Oh my goodness +_+ That picture is adorable!
I need him to knit me up some kitten mittens ASAP!

Answer 2

haha, I know right, I had to find a cute picture to match up with the username.

Answer 3

Normally when we have a rational function: (example):\[\Large\rm y=\frac{(x-2)(x-3)}{(x-4)(x-5)}\]The `denominator` is telling us where the `vertical asymptotes` are located.

Answer 4

So in the example I gave, we would have vertical asymptotes at x=4, x=5.

Answer 5

For a horizontal asymptote as y=0,
I think all we need is for the denominator to be of `larger` degree than the numerator.

Answer 6

that would mean that the denominator would be (x-2)(x-1)?

Answer 7

\[\Large\rm y=\frac{?}{(x-2)(x-1)}\]Good good good.

Answer 8

And what is the `largest degree` of x in the denominator.
If we were to expand it all out, we would end up with a square term, yes?

Answer 9

the largest degree of x is 1?

Answer 10

Nooo silly :O
It's a degree of 1 in each set of brackets.
But we're talking about the denominator as a whole.

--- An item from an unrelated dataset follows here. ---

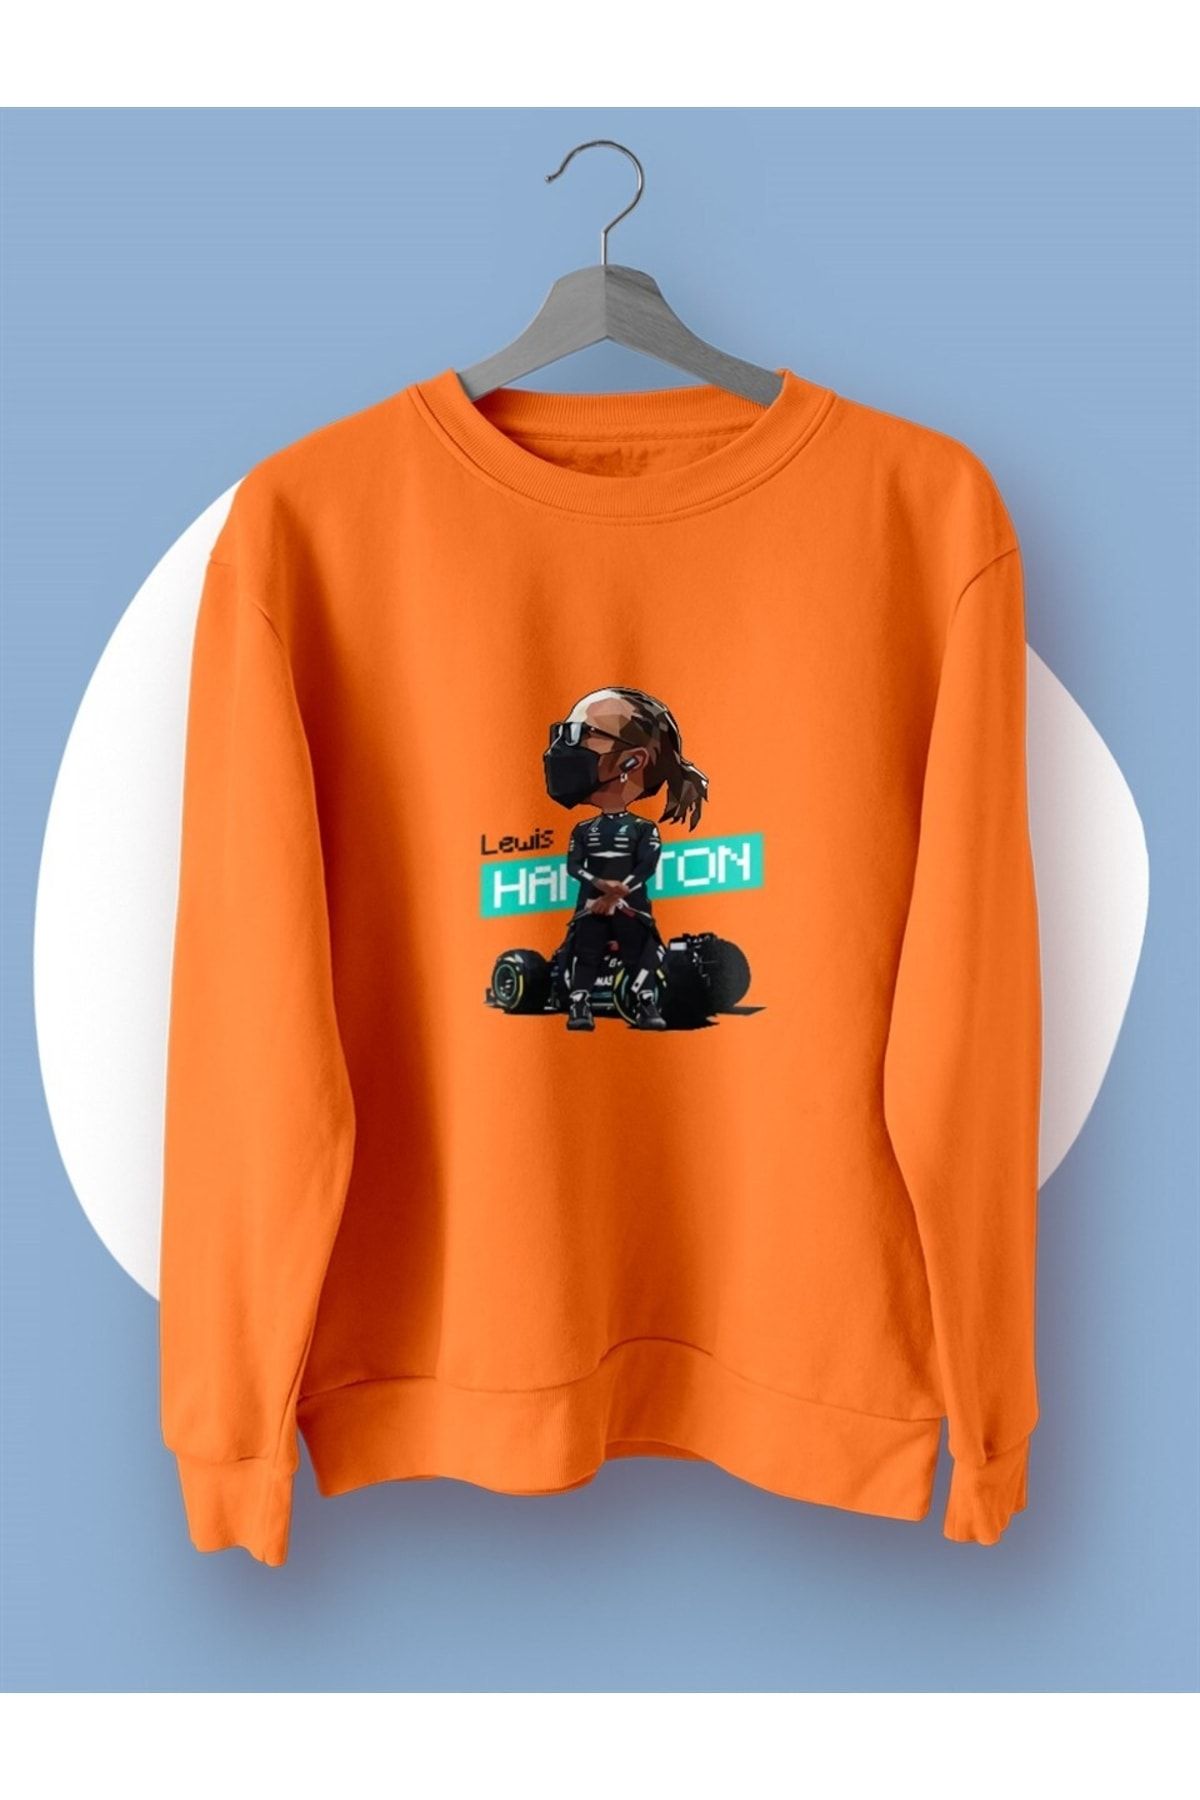 FANBOX SHOP Hamilton Pixel Art Sweatshirt

So we would want to multiply the brackets out.
You don't really need to do all that work though.
Just notice that you have `two` brackets containing x's,
so when you multiply them out, you would end up with an \(\Large\rm x^2\) somewhere.

Answer 11

So in order to get an asymptote of y=0,
we want our numerator to have x's of `degree less than 2`.

Answer 12

Here's a nice easy polynomial to throw into the numerator.
It's a 0 degree polynomial.\[\Large\rm y=\frac{1}{(x-2)(x-1)}\]That should work just fine! c:

Answer 13

\[\Large\rm x^0=1\]

Answer 14

Ohhh, now I get it! thank you so much

Answer 15

yay team \c:/